SNPs, single nucleotide polymorphisms; ID, identification; HRR, hazard rate ratio; CI, confidence interval; ADAM, a disintegrin and metalloprotease.

SNPs from the list of a priori candidate genes.

As expected, each of the traditional cardiovascular risk factor components of the ACRS was statistically significant when evaluated in a Cox proportional hazards model. Additionally, the components of the ACRS were significantly different between males and females except for the proportion of Whites using antihypertensive medication and smoking (data not shown). The GRS for Whites, based on the 10 SNPs described in table 2, was calculated for 8,361 individuals and ranged from −7 to 6. The GRS for Blacks, based on 11 SNPs (table 2), was calculated for 2,624 individuals and ranged from −9 to 5. The GRS was normally distributed for each race (figure 1). The range of individual risk scores indicates that no individual of either race had all risk-raising alleles or all risk-lowering alleles. This finding is consistent with the hypothesis that, as a complex disease, CHD incidence is the result of a balance of the contribution of multiple genes with small effects.

FIGURE 1.

Distribution of the genetic risk score for predicting coronary heart disease in Whites (A) and Blacks (B), the Atherosclerosis Risk in Communities study, United States, 1986–2001.

FIGURE 1.

Distribution of the genetic risk score for predicting coronary heart disease in Whites (A) and Blacks (B), the Atherosclerosis Risk in Communities study, United States, 1986–2001.

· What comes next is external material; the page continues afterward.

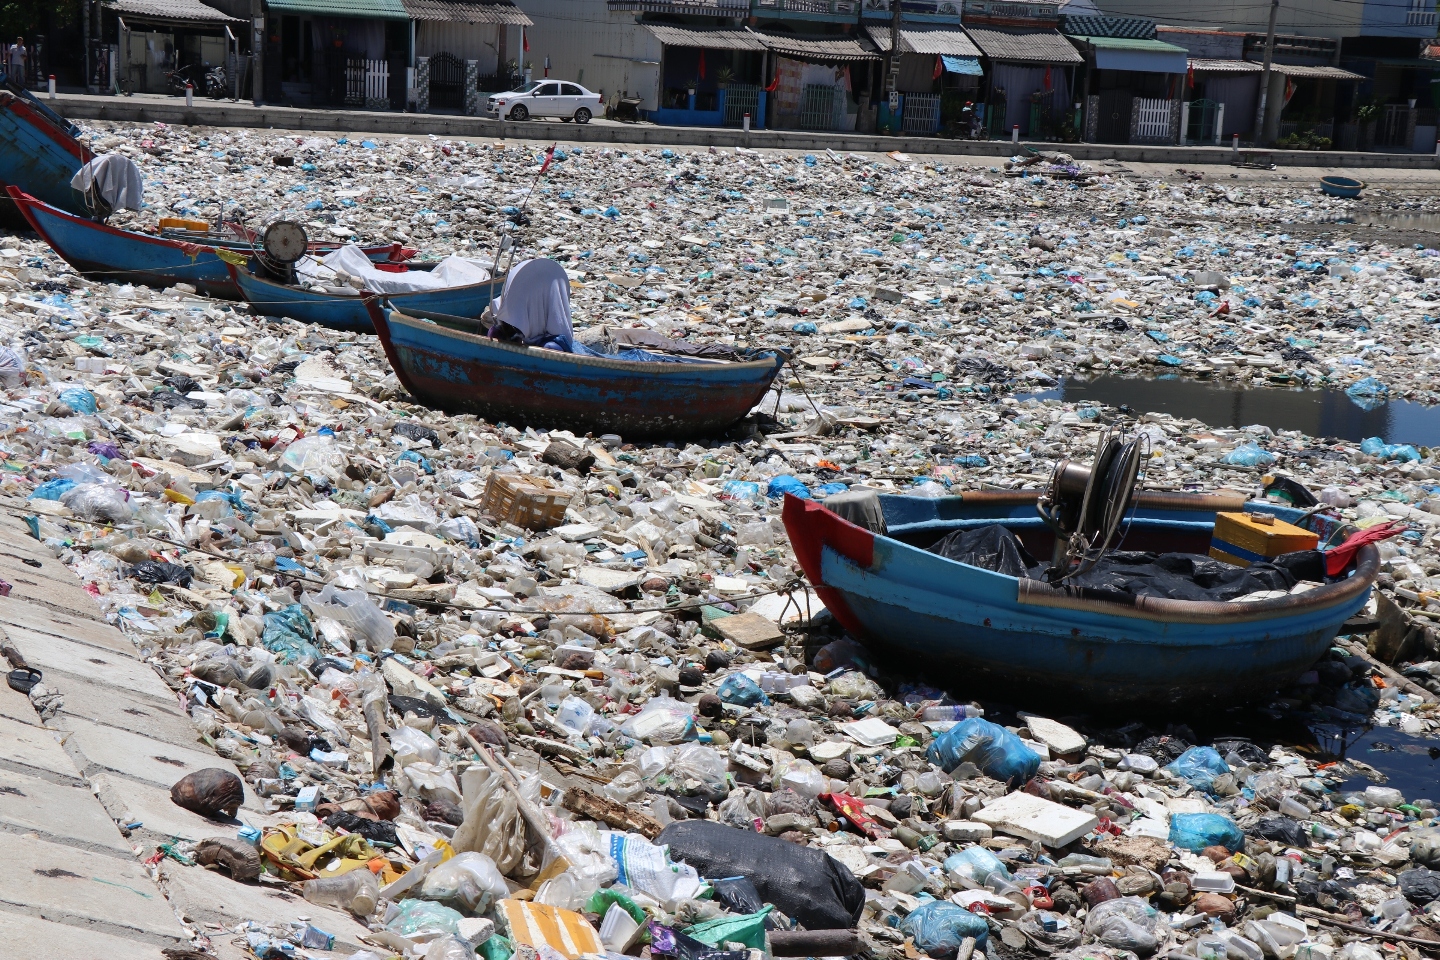 Chính quyền địa phương và người dân bất lực trong việc xử lý hàng chục tấn rác thải ứ đọng trên đầm nước mặn Sa Huỳnh. Ảnh: Ngọc Viên

The association of the GRS with CHD in each race was tested in a Cox proportional hazards model containing the traditional risk factors comprising the ACRS. For both Whites and Blacks, the GRS was a significant predictor of incident CHD after accounting for the effects of the traditional risk factors (p < 0.01). The hazard ratios were 1.10 per unit (95 percent confidence interval: 1.06, 1.14) for the GRS for Whites and 1.20 per unit (95 percent confidence interval: 1.11, 1.29) for the GRS for Blacks. Thus, for a White homozygous for six at-risk alleles or a Black homozygous for five at-risk alleles, the hazard rate ratio would be 1.77 or 2.49, respectively. The GRS was also a significant predictor of incident CHD after accounting for the effects of the traditional risk factors (p < 0.02) in gender-specific analyses within each race (data not shown). Use of an internal validation method based on a bootstrap sampling procedure indicated that in the 2,000 bootstrap samples, the SNPs in the original GRS panels for Whites and Blacks were the most frequently chosen for these new panels. The bootstrap estimate of a bias-corrected hazard ratio was 1.05 for the GRS for Whites and 1.09 for Blacks.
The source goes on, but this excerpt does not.